Tianfei Zhou , Wenguan Wang, Jianbing Shen , Zhijie Zhang   Inception Institute of Artificial Intelligence (IIAI)
We propose a Unified Relationship detection Network (URNet) in this contest. We jointly train entity detection/segmentation and relationship inference in an end-to-end way. Our URNet is built on Cascade (Mask)RCNN, which is further extended to add a new branch for relationship recognition for each human-object pair. The relationship recognition branch operates on rich multi-modal features for accurate inference.
Oct. 17, 2019, 9:08 p.m.
Zanhui Fan, Han Wang, Peng Chen,Yusen Qin,Shengjin Wang, Zichong Chen :Segway Robotics. Tsinghua University. Dalian Neusoft University of Information
The interactions in HOI-W challenge are highly correlated with object categories and location information is critical to determining whether an interaction between a person and an object exists. We propose a human-object-interaction detection scheme consisting of three parts: (1) Object detection; (2) Human/object location information based on human face detection, person keypoint detection; (3) Decision network to predict the relations between human subjects and objects. The object detection module is adapted from Mask R-CNN and provides bounding boxes of human and object targets for following procedures. Human face detection based on MTCNN and person keypoint detection based on OpenPose are introduced to calculate the absolute and relative location metrics of a human subject and an object. Finally, the visual appearance features from object detection module are combined with location metrics to predict relations between human subjects and objects. Given sufficient time this line of research will provide further details and improvements.
Oct. 17, 2019, 5:11 a.m.
Faster Interaction Net
Haoliang Tan , Yu Zhu , Guodong Guo 
 Institute of Deep Learning, Baidu Research
 Xi’an Jiaotong University, Xi’an, China
 National Engineering Laboratory for Deep Learning Technology and Application, Beijing China.

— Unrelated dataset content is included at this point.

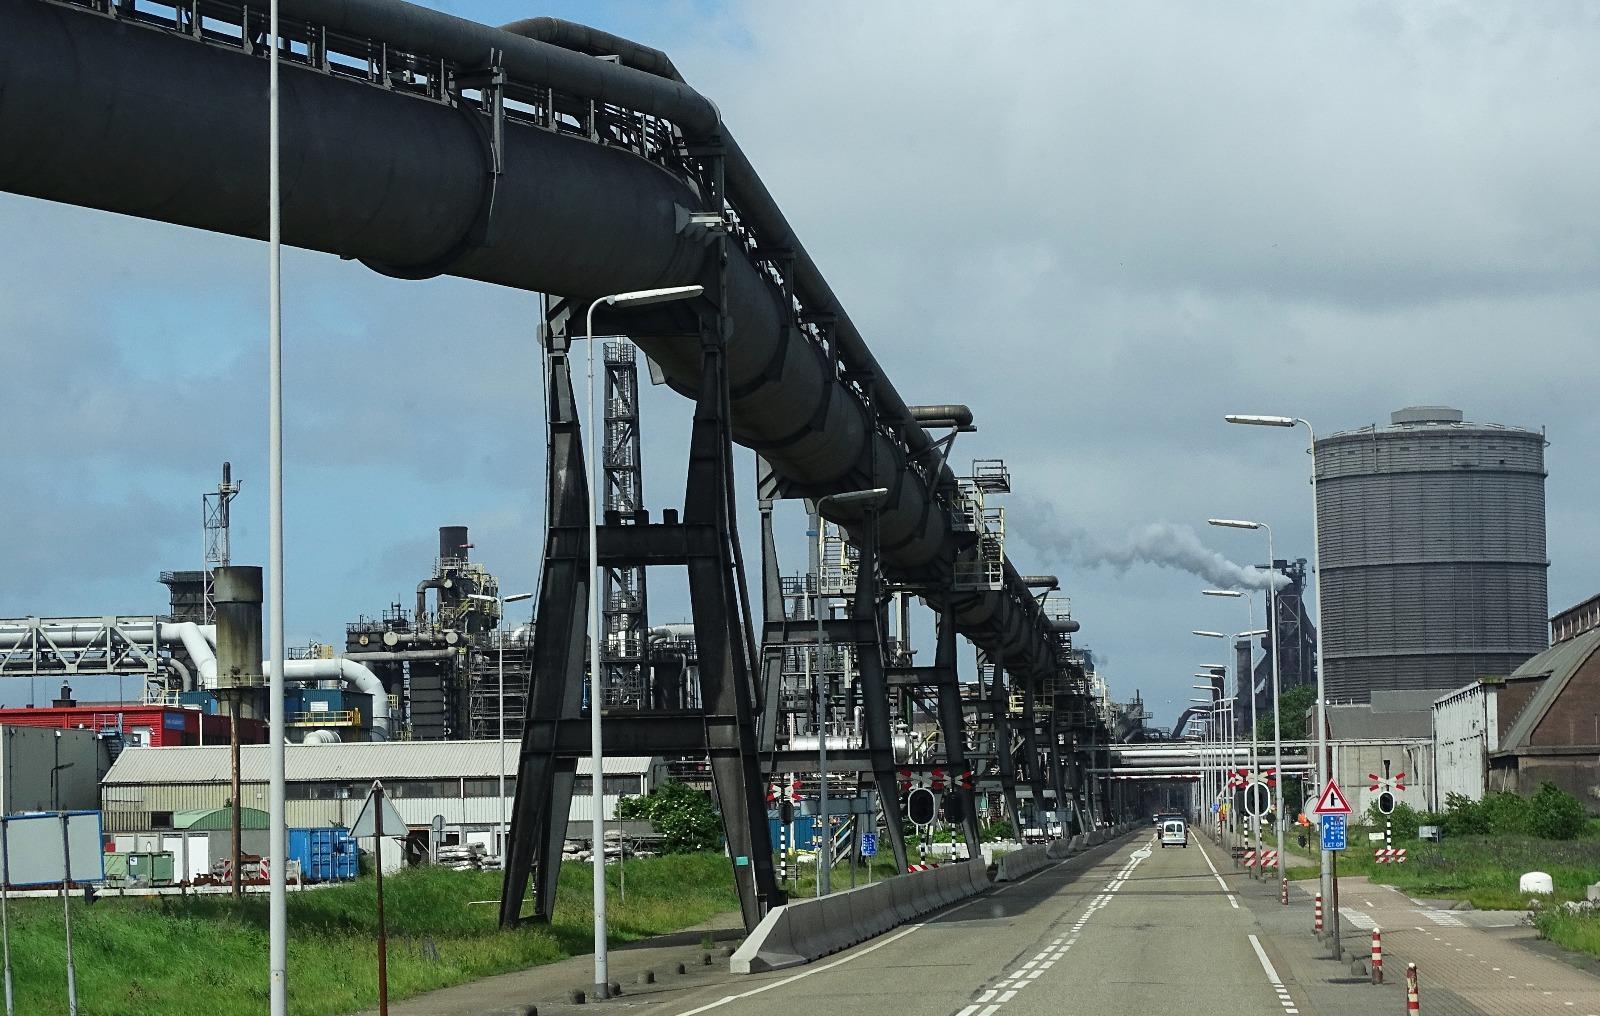 Tata koploper in vervuiling: uitstoot twee keer hoger dan in rapport staat

We decompose the problem into two steps: 1) Human and Object bounding-boxes detection and 2) human-object Interaction recognition.
1) For the object detection part, we observed that the object categories in the HOIW dataset contain the specific object category such as document and cigarette. These objects are usually of variable size or very small and difficult to detect. So we used the Faster R-CNN with ResNet-101 as the backbone network that has already fine-tune on the COCO dataset rather than use the ImageNet pre-trained weight. After fine-tuning the Faster R-CNN on the HOIW dataset, the object scores higher than 0.4 is preserved for next step relationship recognition.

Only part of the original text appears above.